::: Records for the task :::

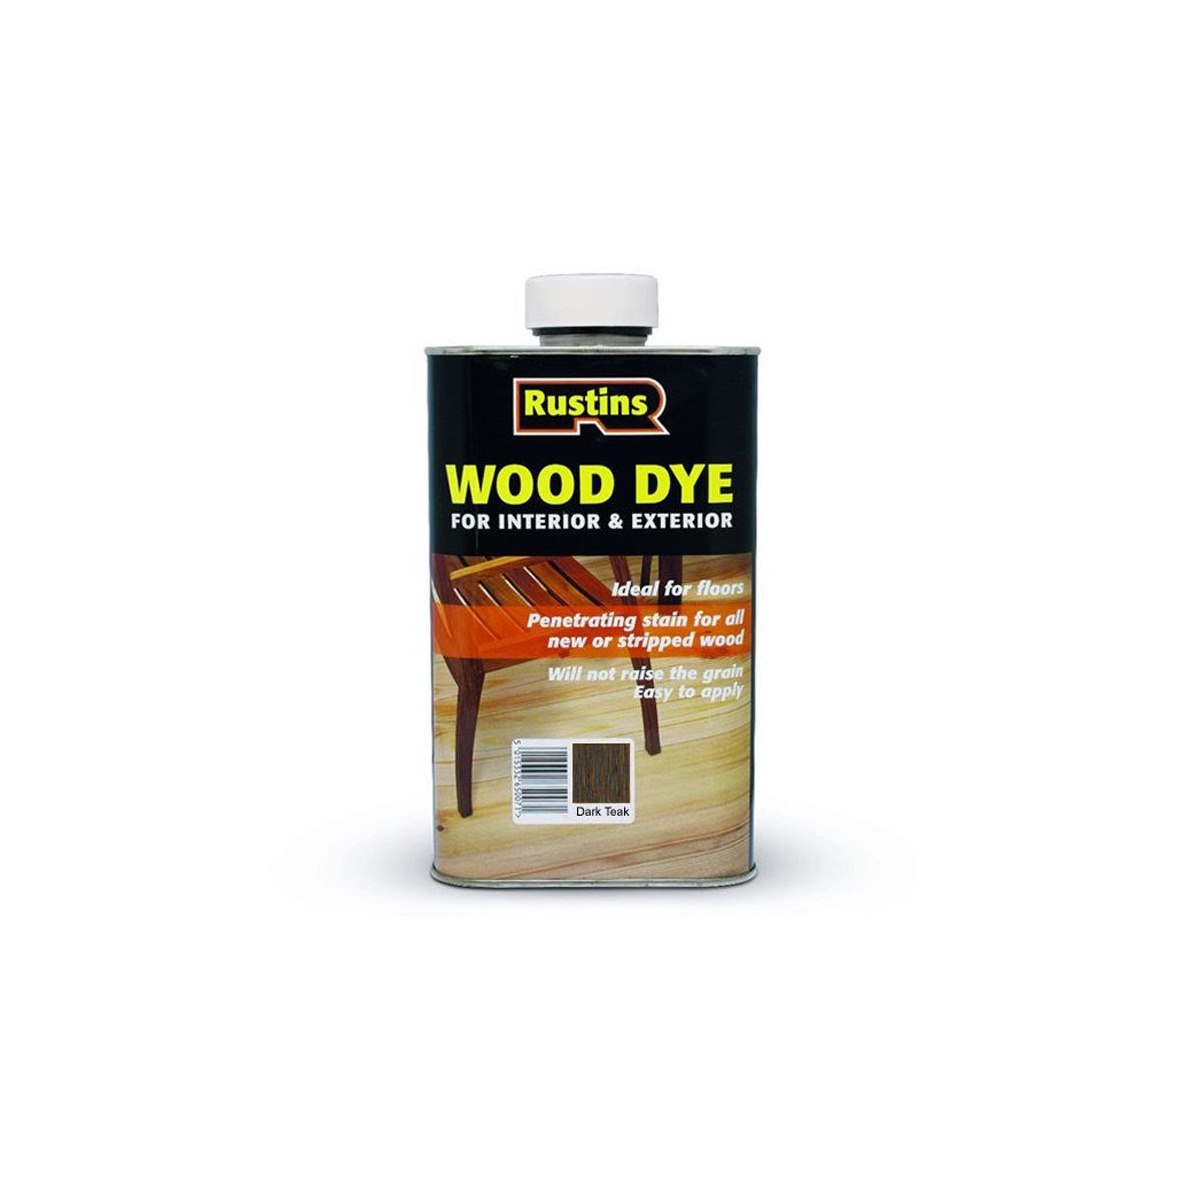 Rustins Wood Dye Dark Teak 1 Litre
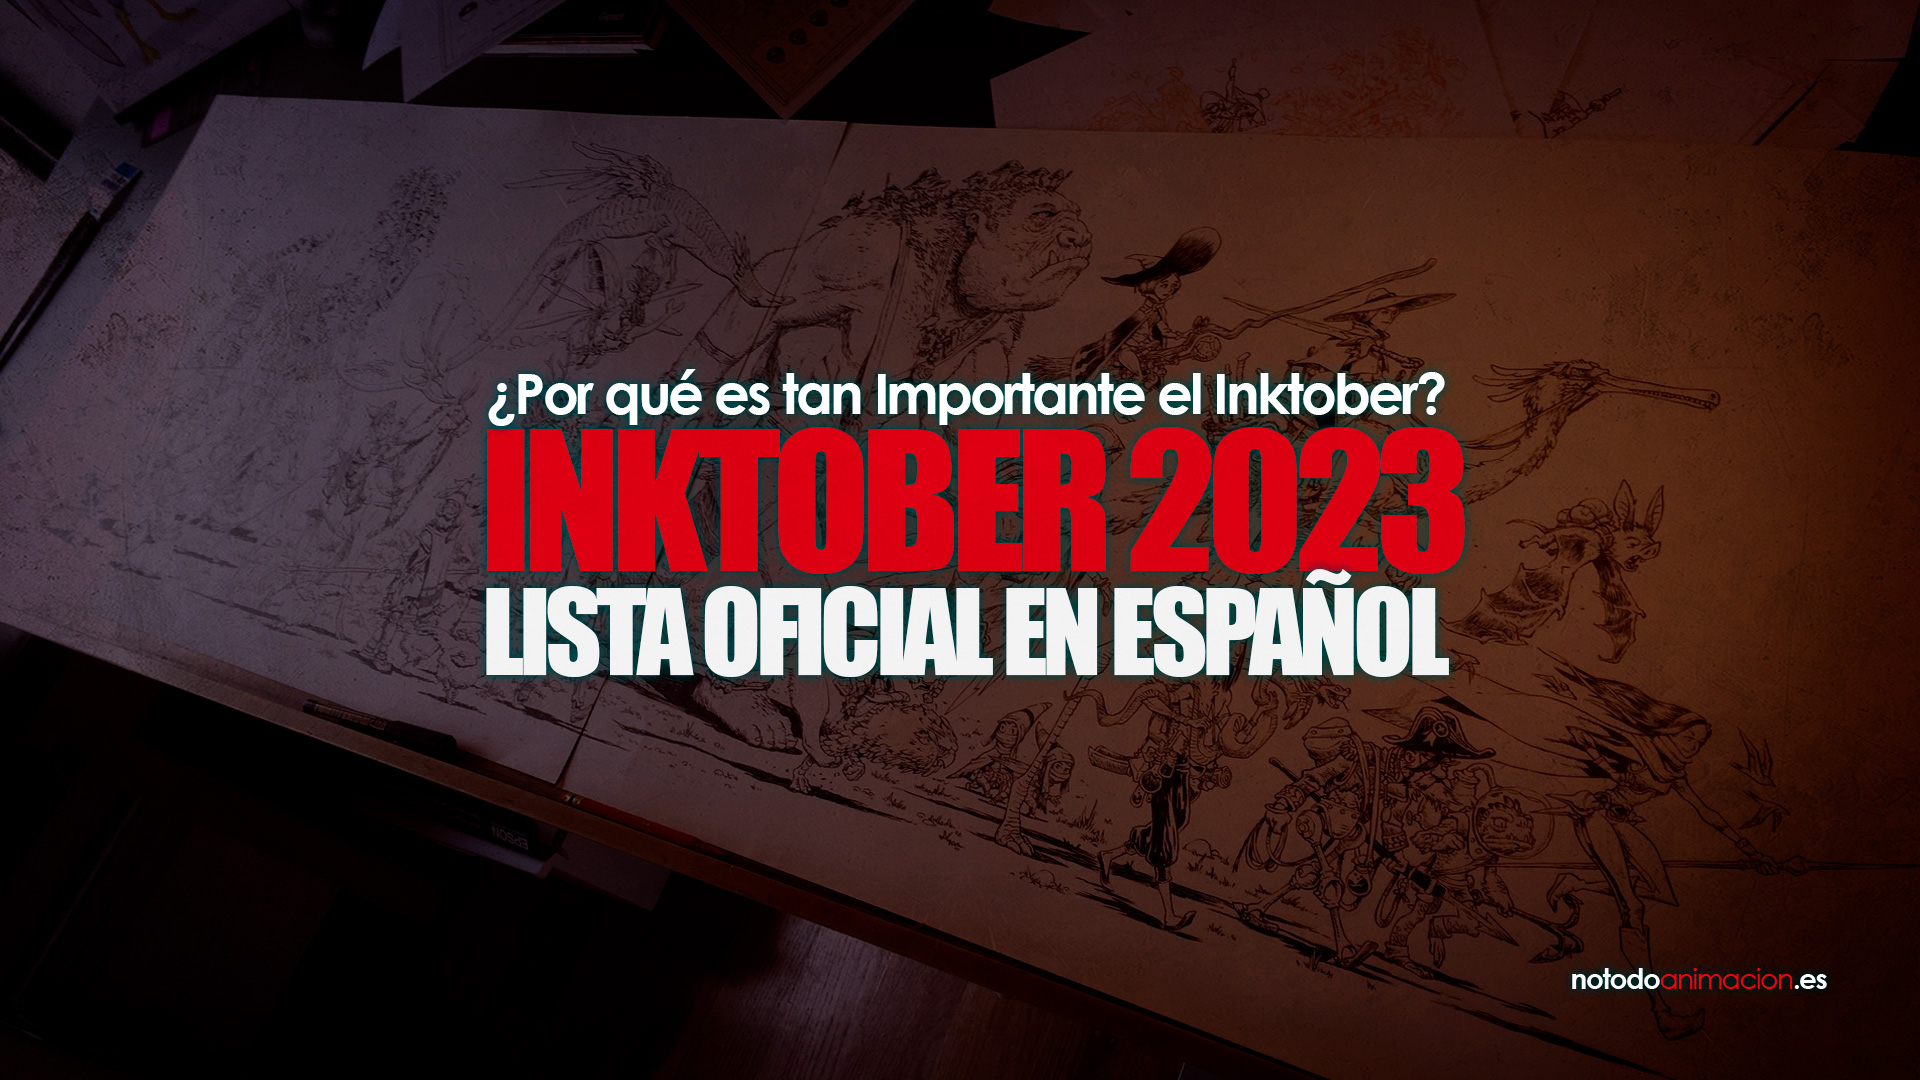 Inktober 2024 Español ️ Lista Oficial ¿Por qué es tan Importante?
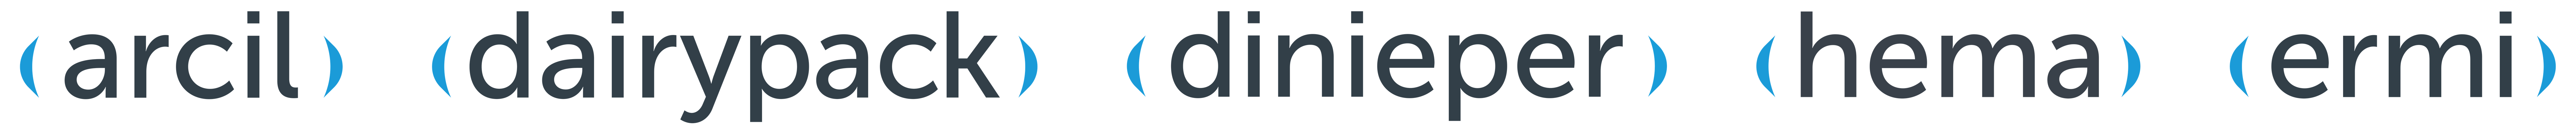 synerlink aftermarket logos
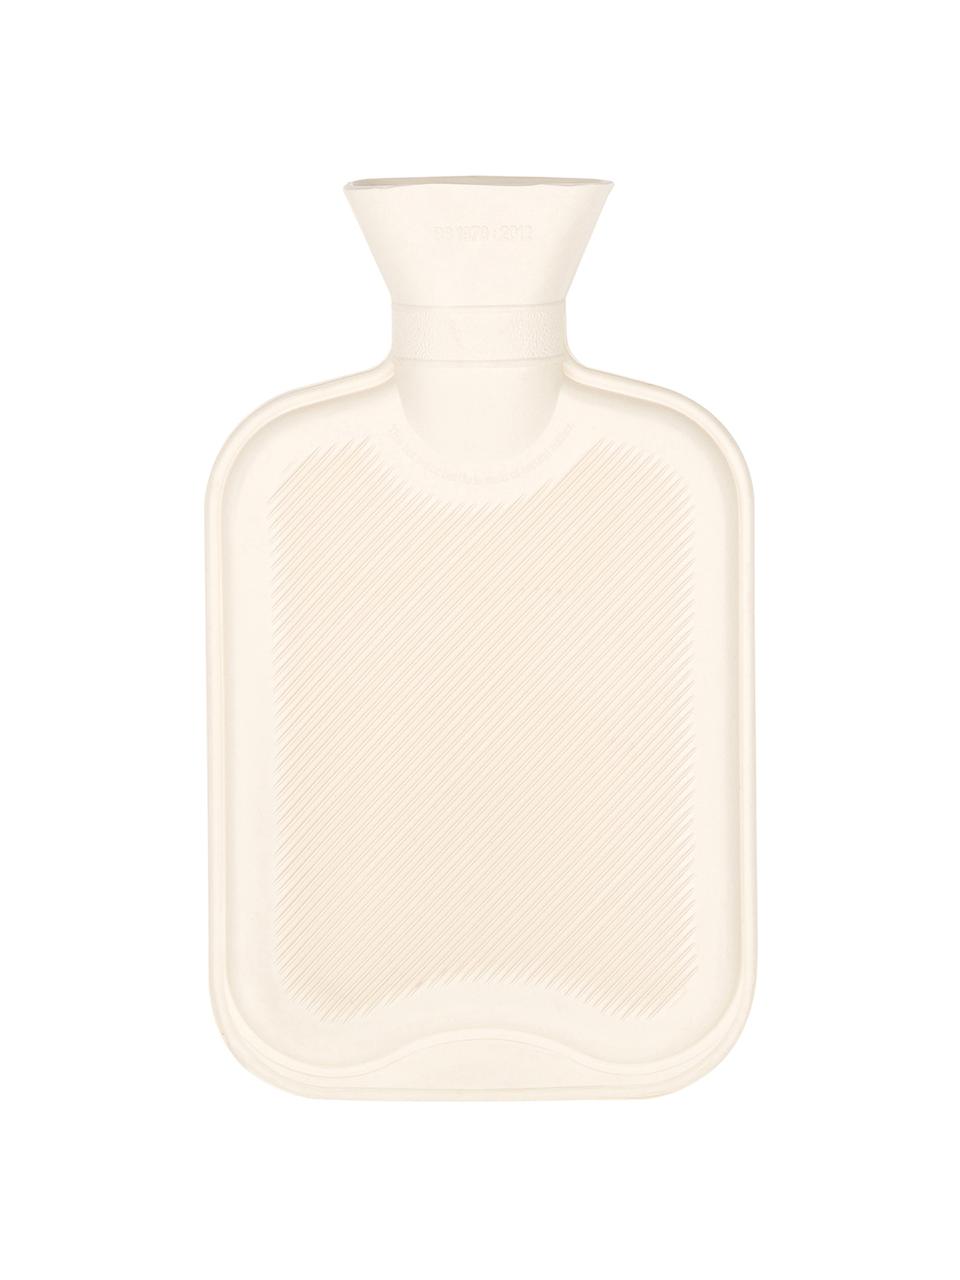 Cashmere-Wärmflasche Florentina, Bezug: 70 % Kaschmir, 30 % Wolle, Hellgrau, Dunkelgrau, B 19 x L 30 cm
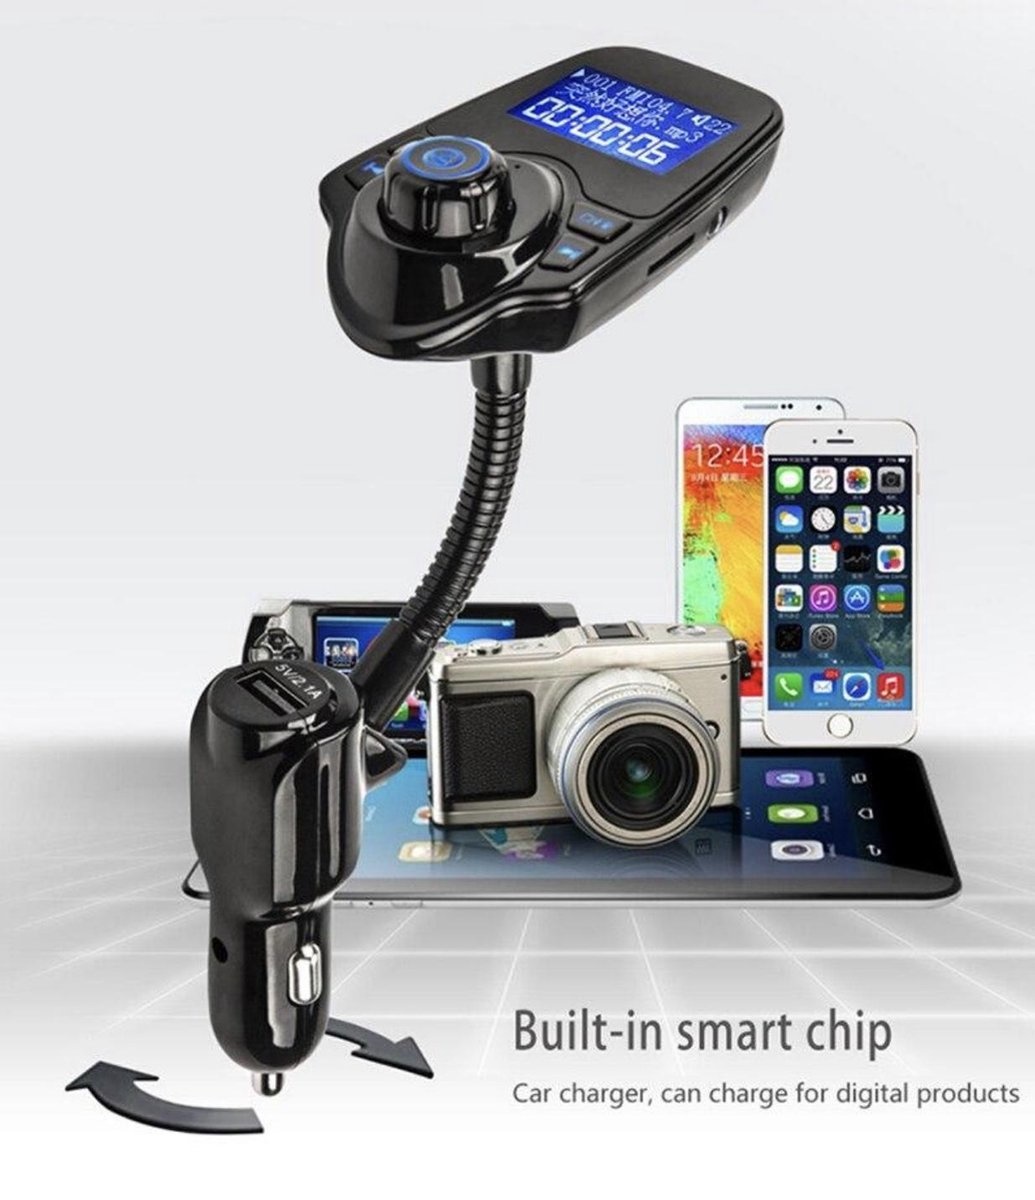 FM-Transmitter voor in de Auto, Bluetooth®, Bass Boost, microSD-kaartsleuf, Handsfree Bellen

:::

[Task instructions] Every entry, word for word: repeat it, but skip the images.

[Output of the exercise]
 Rustins Wood Dye Dark Teak 1 Litre
 Inktober 2024 Español ️ Lista Oficial ¿Por qué es tan Importante?
 synerlink aftermarket logos
 Cashmere-Wärmflasche Florentina, Bezug: 70 % Kaschmir, 30 % Wolle, Hellgrau, Dunkelgrau, B 19 x L 30 cm
 FM-Transmitter voor in de Auto, Bluetooth®, Bass Boost, microSD-kaartsleuf, Handsfree Bellen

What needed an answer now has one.